The IEA report noted a reduction in flights by airlines in the face of soaring fuel costs and the rush by consumers in the West to buy more efficient vehicles, as carmakers slow production of gas-guzzling autos like sport utility vehicles. Public transport use is also increasing and overall vehicle-miles traveled are falling, it said.
The reduction of price subsidies in Asia "should slightly tame oil demand growth in that region," it said. The IEA is an energy policy adviser to the Organization for Economic Co-operation and Development, a group of 30 advanced economies, mostly in the West.
Eduardo Lopez, a senior oil analyst at the IEA in Paris, said during an interview that emerging markets, rather than the United States, were now dictating the direction of demand. "As long as there's growth in key areas outside the OECD, it's very unlikely that demand growth there will cease," he said.

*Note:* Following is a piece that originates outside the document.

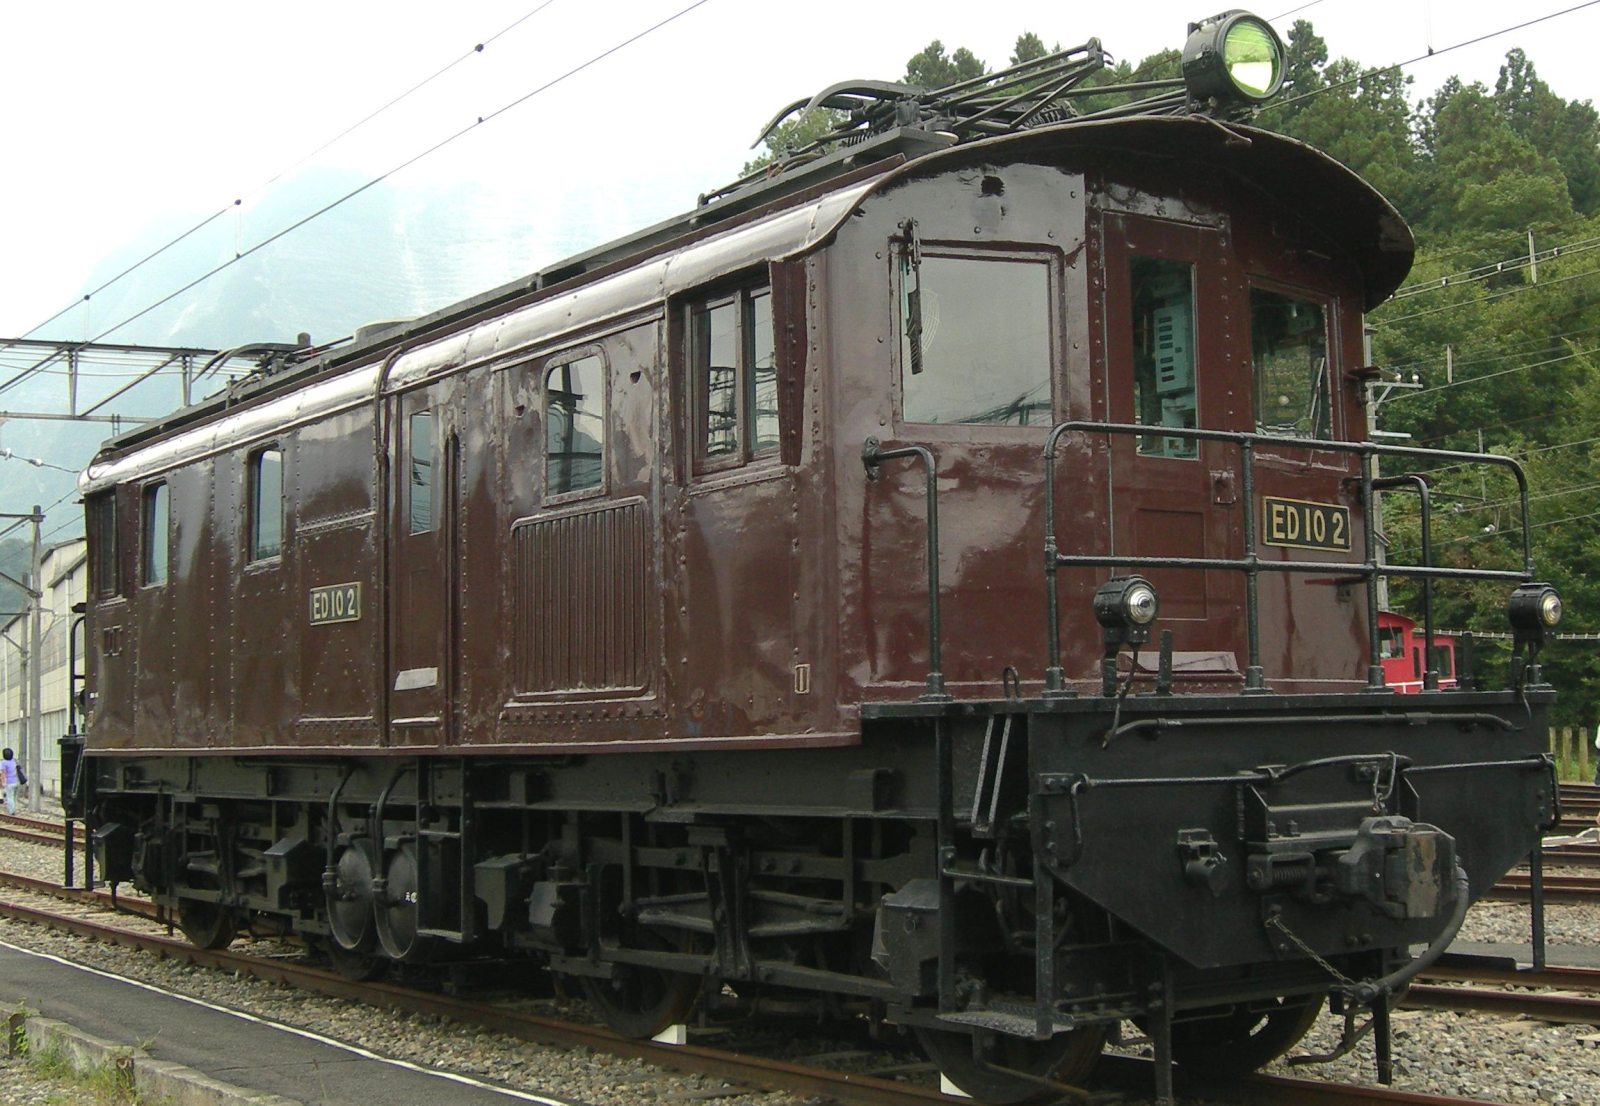 ED10 2, actually Seibu E71, in October 2009 in Yokoze depot

Few analysts said that they expected the OPEC meeting would push down prices in the current environment.
"We're not in an energy crisis, we're not short of oil, we've got a refinery shortfall," said John Hall, managing director of the consultancy John Hall Associates in Horsham, England.
The market appears to be well supplied with crude oil, he said, citing as an example reports that Iran has been unable to sell some of its heavy crude. He noted that the oil market reacted little to reports Tuesday that Saudi Arabia had increased oil output by 500,000 barrels a day this quarter, 200,000 barrels a day more than previously thought.
The IEA, meanwhile, warned against any fiscal moves by governments that would encourage the use of gas, like cutting taxes.
"Higher prices are needed to choke off demand to balance the market," it said, adding that it would be the "worst response" to subsidize prices more, or in the case of OECD members, to cut taxes on fuel.
The IEA report also raised the possibility of a release of strategic stocks by OECD countries. "The market can take comfort that the IEA is watching developments very closely and is prepared to act quickly if necessary," it said.
The rising price of gasoline has also brought protests in Europe by groups like truckers and fishermen, who have been hit hard by the climb in prices. Some European politicians, like President Nicolas Sarkozy of France, have suggested lowering taxes on gas.